──────── DATA PROVIDED

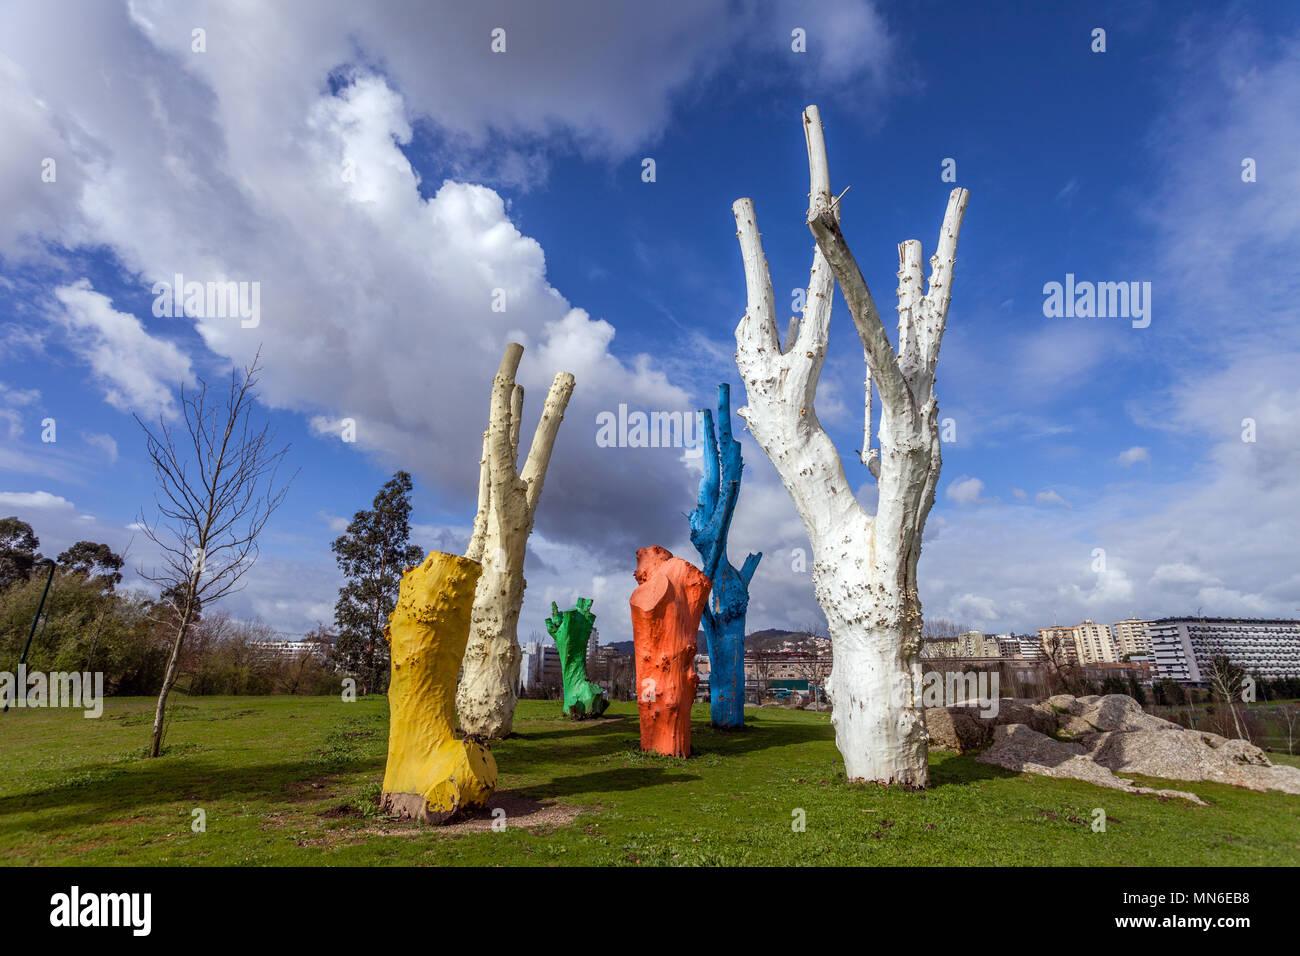 Vila Nova de Famalicao, Portugal. El arte urbano de coloridos árboles muertos pintados en el Parque da Devesa Parque Urbano. Foto de stock
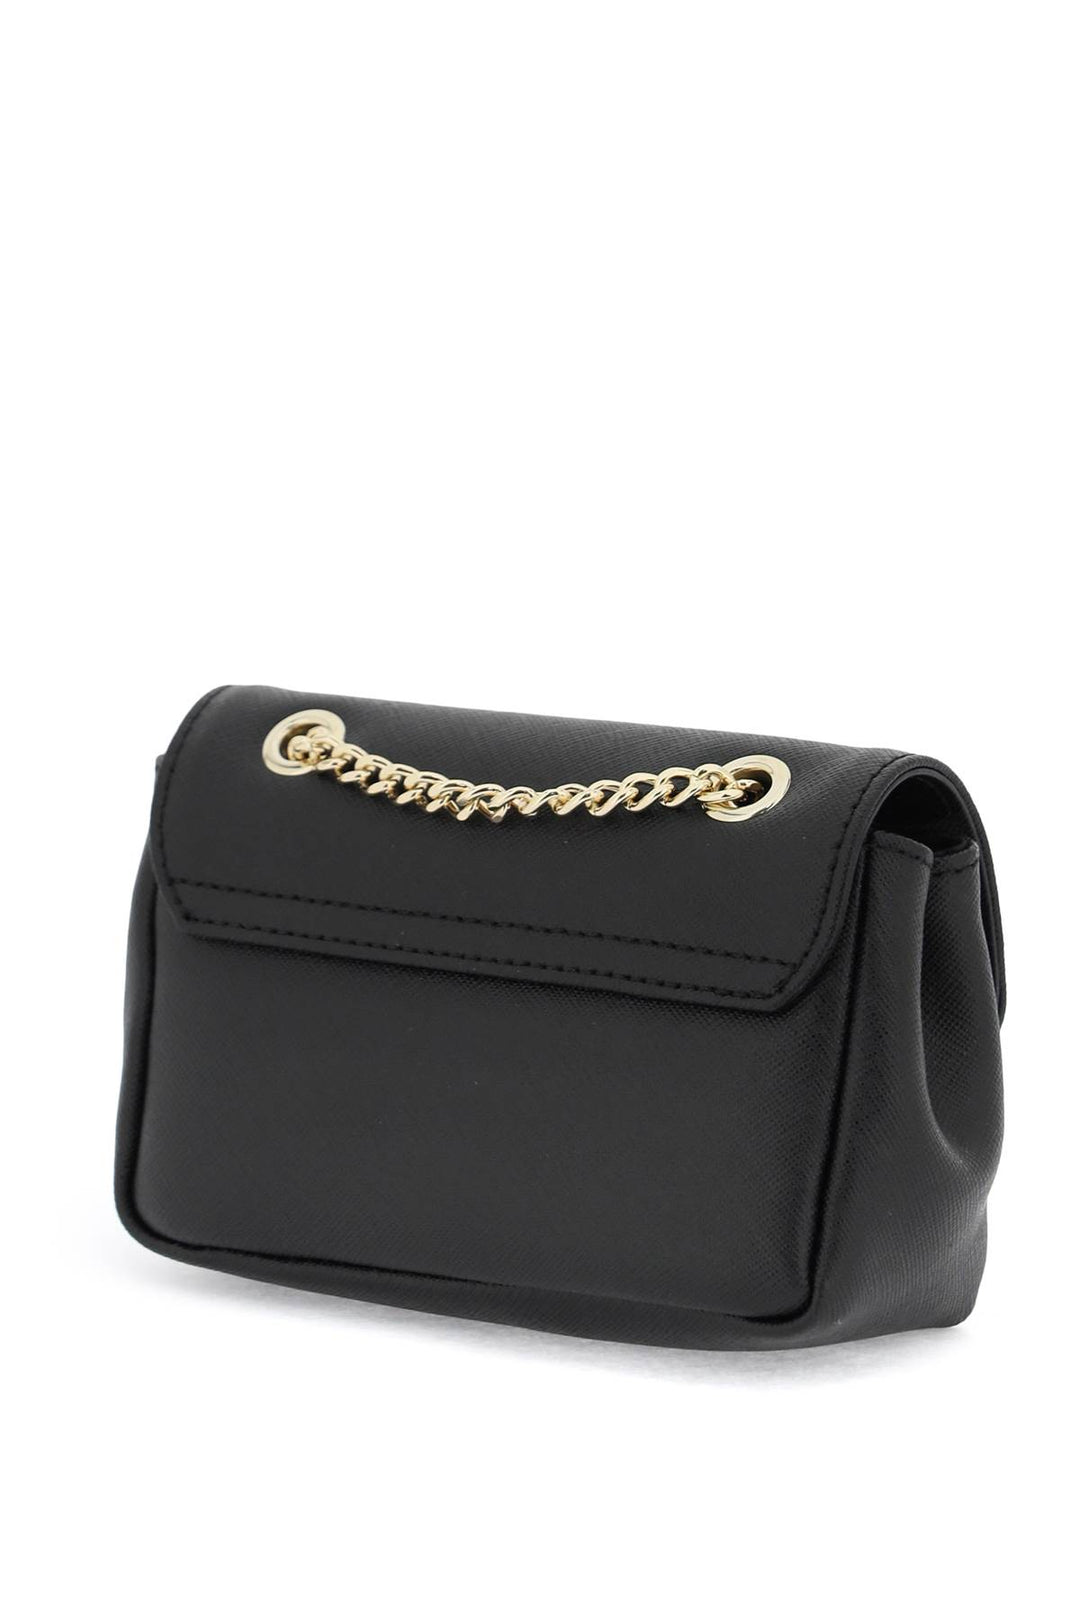 Vivienne Westwood Leather Mini Bag   Nero
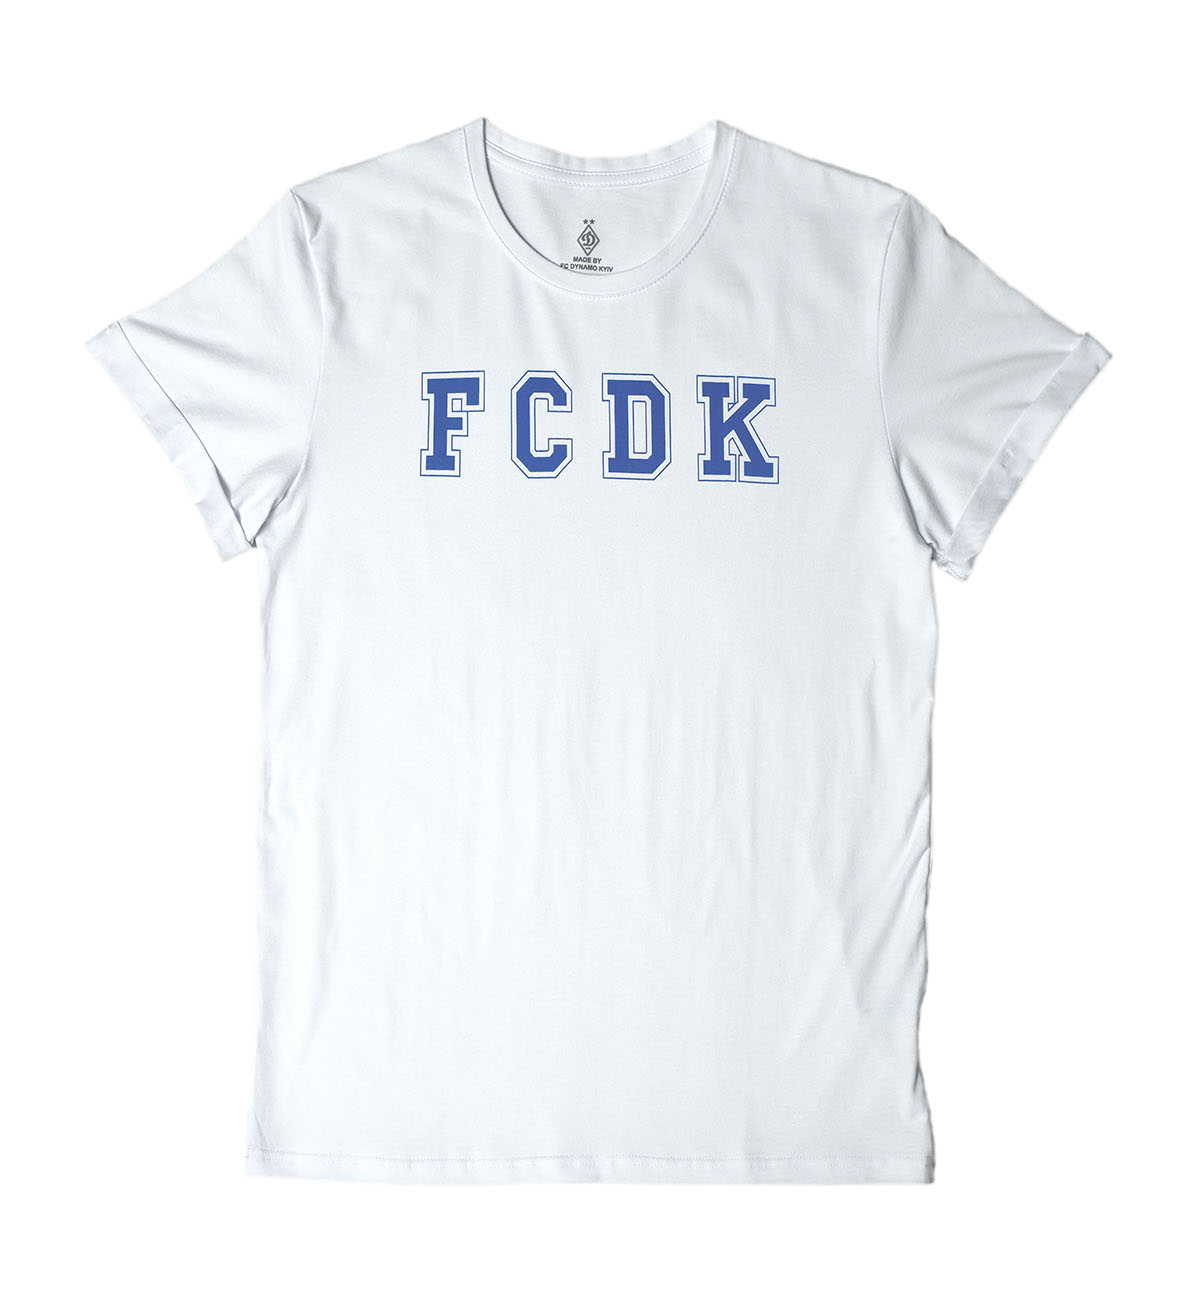 Футболка "FCDK", белая

────────────────

▶ EXERCISE INSTRUCTIONS
Output all lines above precisely. Pictures are to be left out.

▶ SOLUTION FOR THIS PROBLEM
 Vila Nova de Famalicao, Portugal. El arte urbano de coloridos árboles muertos pintados en el Parque da Devesa Parque Urbano. Foto de stock
 Vivienne Westwood Leather Mini Bag   Nero
 Футболка "FCDK", белая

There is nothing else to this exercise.